Domanda

We have a timeout enforced per-test via a test rule:

public abstract class BaseTestCase {
    @Rule
    public final Timeout timeout = new Timeout(60*1000);
}

Then our GUI tests obviously have to run on the EDT, so they have a test rule for that too:

public class TestSomeController extends BaseTestCase {
    @Rule
    public final RunOnEventDispatchThread runOnEventDispatchThread =
        new RunOnEventDispatchThread();

    @Test
    public void testStuff() { /* ... */ }
}

Both of these rules involves messing with the thread the test runs on. Timeout creates a new thread and then kills it N milliseconds later. RunOnEventDispatchThread runs a Runnable on the EDT and then waits for the task to complete.

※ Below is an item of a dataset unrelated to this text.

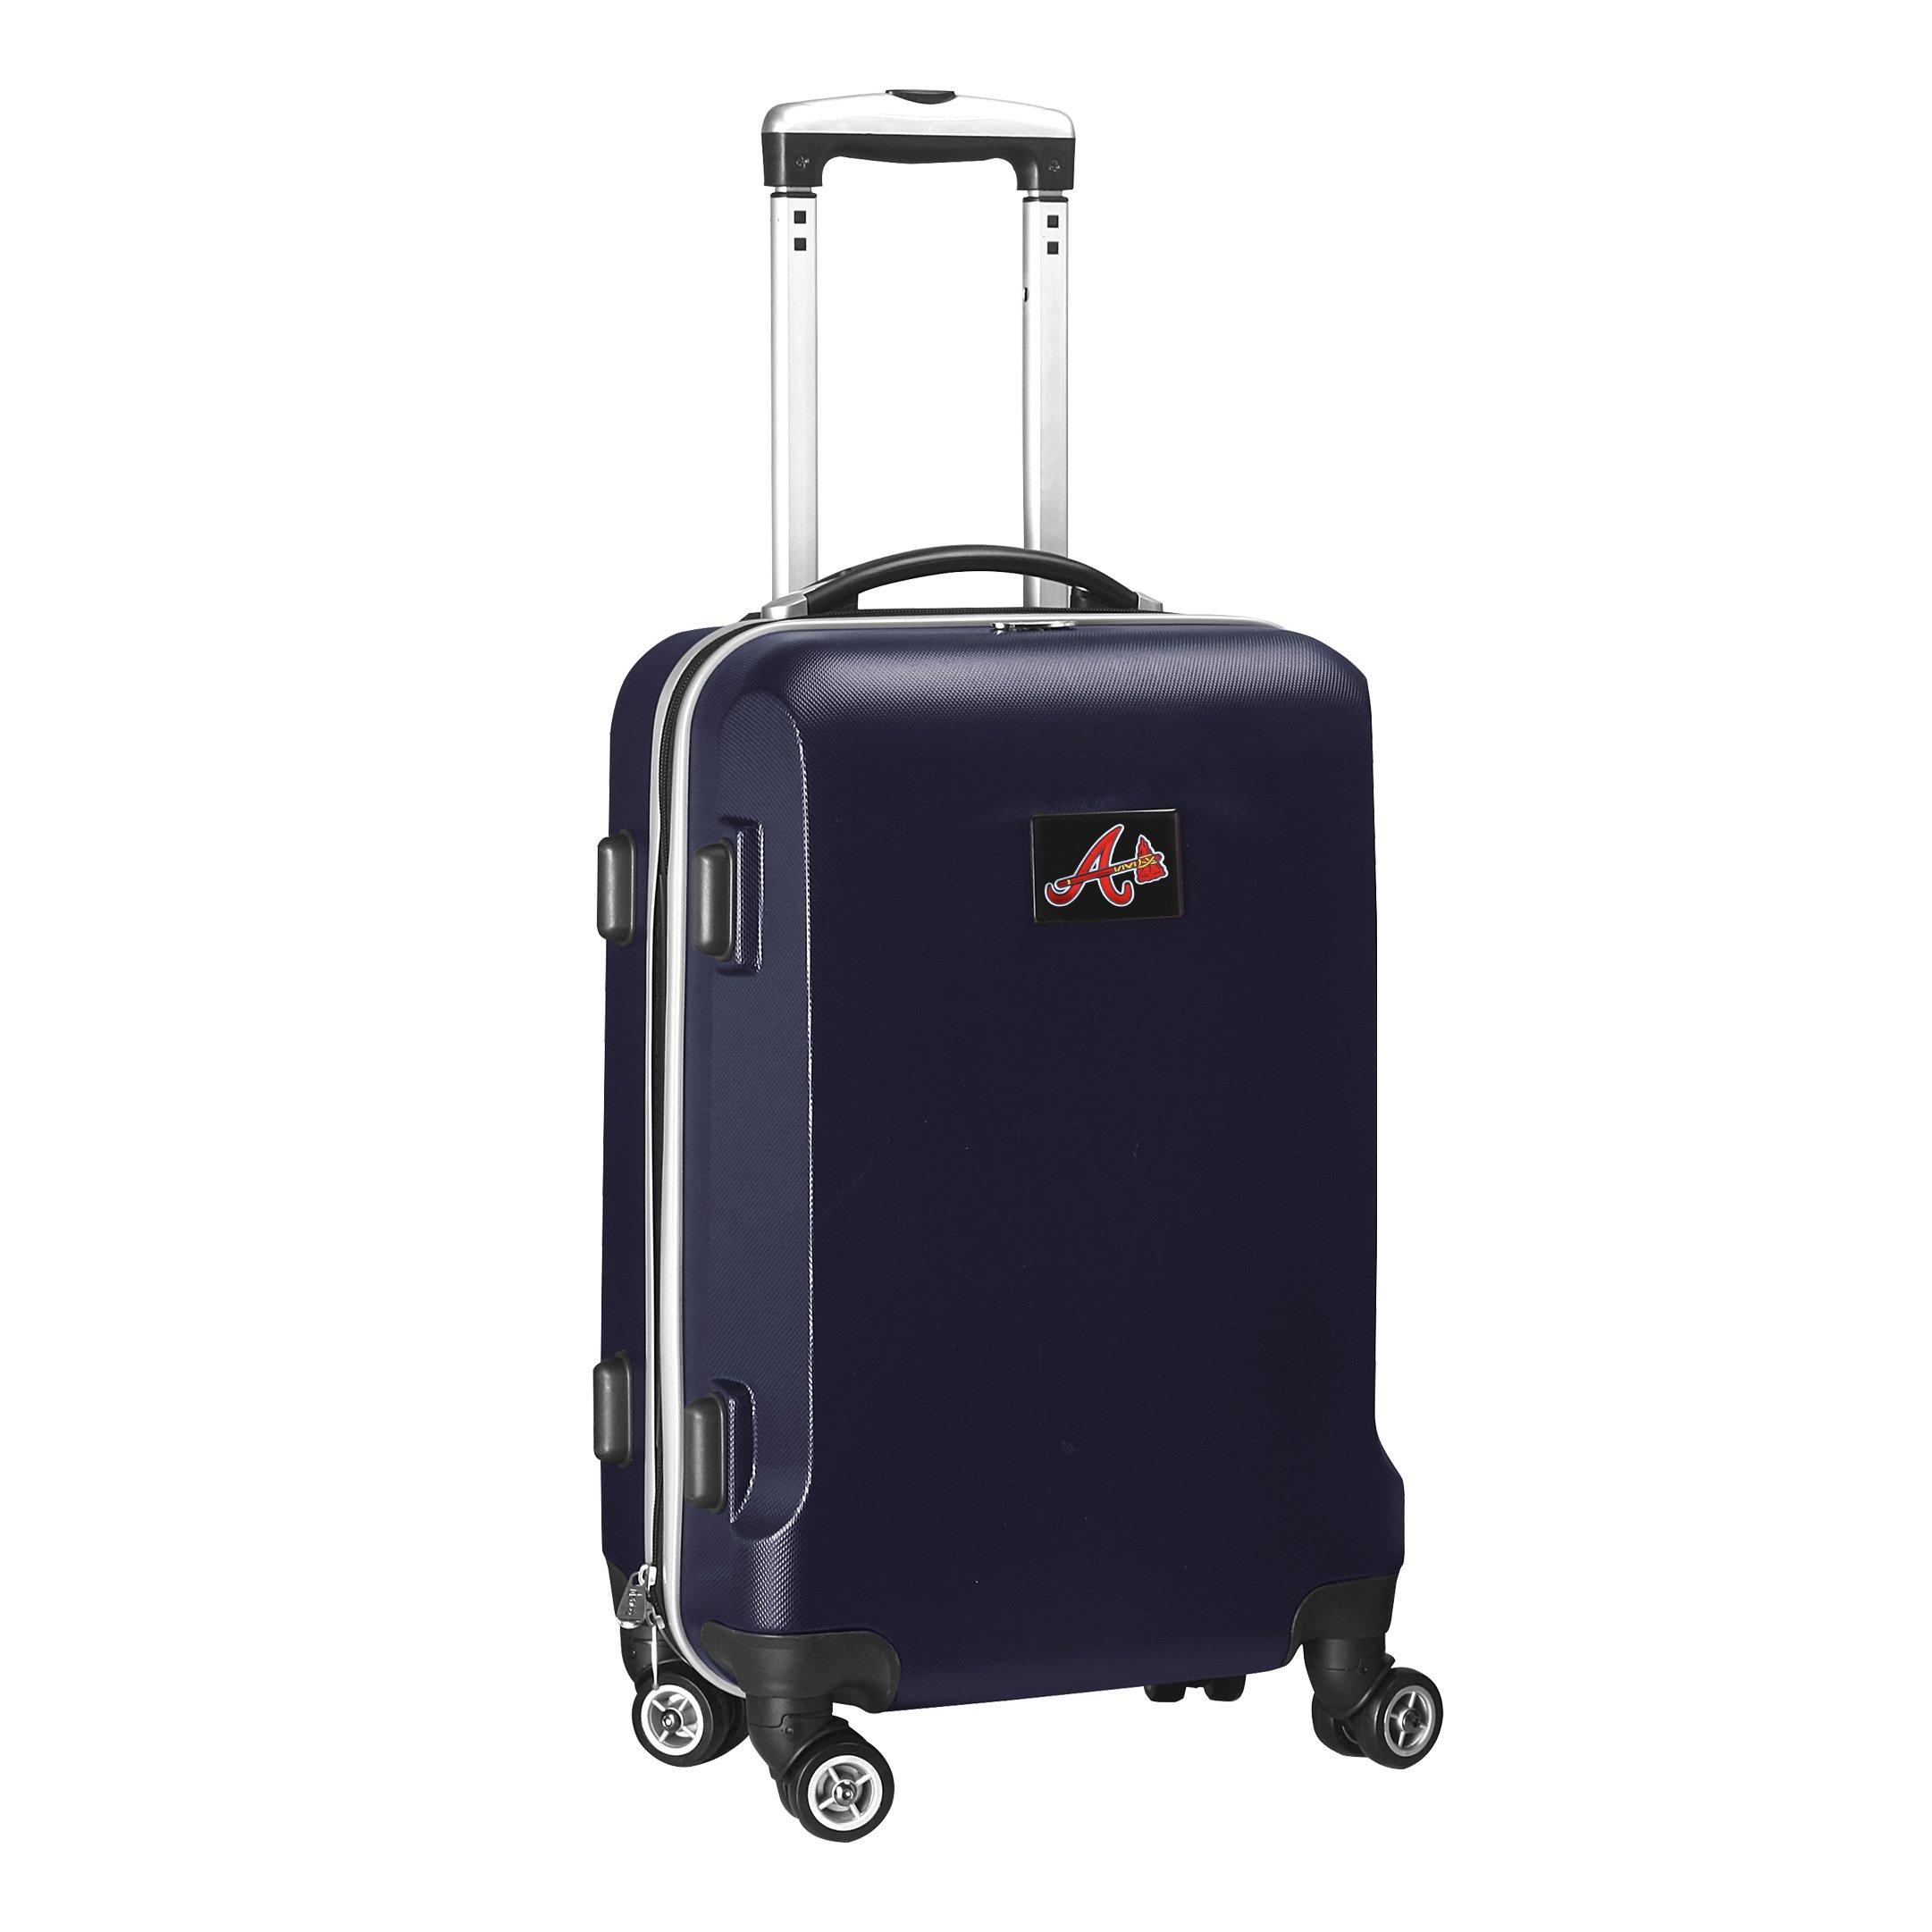 MLB Atlanta Braves Carry-On Hardcase Spinner, Navy

Up to JUnit 4.10 this has been working fine, but we just upgraded to JUnit 4.11 and now it seems that the ordering of test rules has changed.

The current JUnit seems to be applying the rules in "logical" order, so it applies Timeout and then RunOnEventDispatchThread.

This means that RunOnEventDispatchThread ends up on the "outside" of the Statement "onion". So it runs the task on the EDT, but that task is now "spawn a new thread to run the test" - because it's spawning a new thread, the test fails, because Swing calls are now being called on the wrong thread.

Obviously JUnit 4.10 was running the test rules in another order. Is there a way to influence this?

Note that existing answers to this sort of question have all been addressed by using RuleChain. As far as I can tell, we cannot use RuleChain because that class demands both rules to be in the same class, and ours are not.

È stato utile?

Soluzione

I am not very familiar with the rule ordering in JUnit and especially the RuleChain class. So I had a quick look at this class' documentation. The example code snippet seems to be your solution when being used in a template method sense.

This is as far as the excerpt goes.